1. For products manufactured to the customer's drawing documentation, samples and other customer instructions, we shall assume no responsibility or liability as to their fitness for operation or, if containing other defects, if and to the extent that identified circumstances are the result of customer instructions.
2. The Customer shall hold us safe and harmless against any claims, including product liability claims, which a third party may have made to us with reference to damage caused by delivered goods, unless we are shown to have deliberately caused such damage or caused it through gross negligence.
3. The Customer warrants to us that no goods which are manufactured and delivered to his own instructions will violate any right of a third party. In the event of a claim for infringement of patent rights being made to us, we shall, at our discretion, and without conducting a legal examination of such potential third-party claim be able to cancel the corresponding contract after hearing the Customer's oral statement, unless such third party renounces such patent rights in a written note to us within a time of eight (8) days. The Customer shall compensate any damage we may have suffered as a result of a claim for violation of patent rights. In the event of a withdrawal, all contractual work performed up to that moment shall be refunded. This shall not affect any further going rights under legal regulations.
4. All moulds, tools and engineering design documentation that was created for the handling of a custom order shall remain our sole property. The Customer shall have no legal claim to such tools, even though he may have shared in the costs of manufacturing required moulds, tools and engineering design documentation, always provided that nothing to the contrary has been agreed.

XV. Secrecy

Unless otherwise expressly stipulated in writing, no information provided to us in connection with orders shall be regarded as confidential, unless their confidential nature is obvious.

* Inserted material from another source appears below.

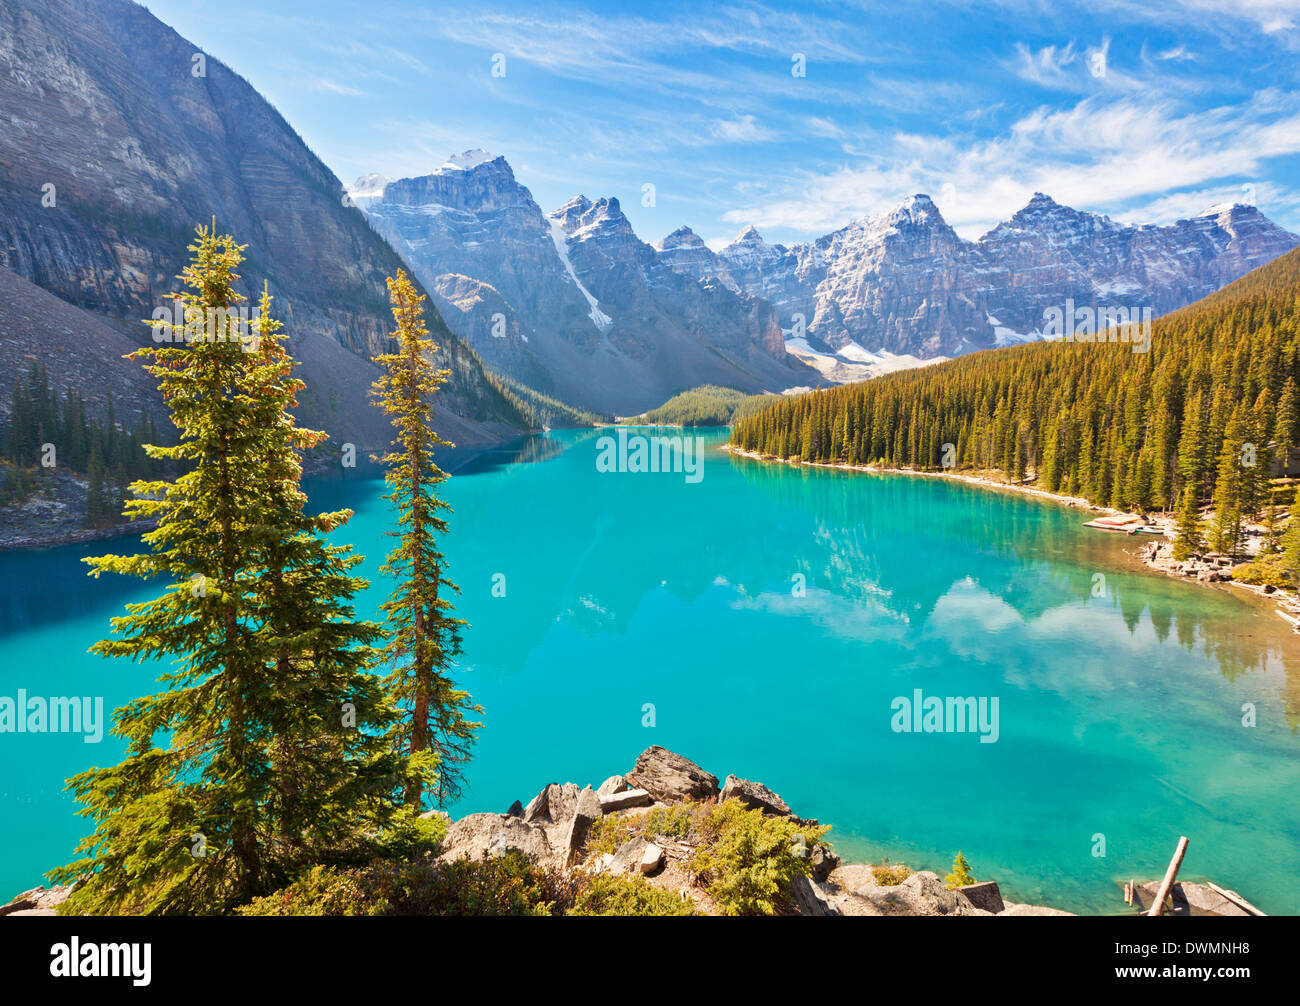 Moraine Lake in the Valley of the Ten Peaks, Banff National Park, UNESCO World Heritage Site, Alberta, Canadian Rockies, Canada Stock Photo

XVI. Place of Fulfillment, Legal Venue & Applicable Law
1. The place of fulfillment shall be the supplier's plant for deliveries ex works, and the warehouse for all other types of delivery.
2. The legal venue for any disputes arising from this contract shall be, at our discretion, either our principal place of business or the Customer's principal office. The venue for legal action by the Customer shall in any case be our principal place of business. Any statutory regulations governing exclusive jurisdictional competence shall remain unaffected.
3. All legal relations between the Customer and us shall be construed in accordance with the laws of the Federal Republic of Germany. The UN Convention on Contracts for the International Sale of Goods (CISG) shall not apply.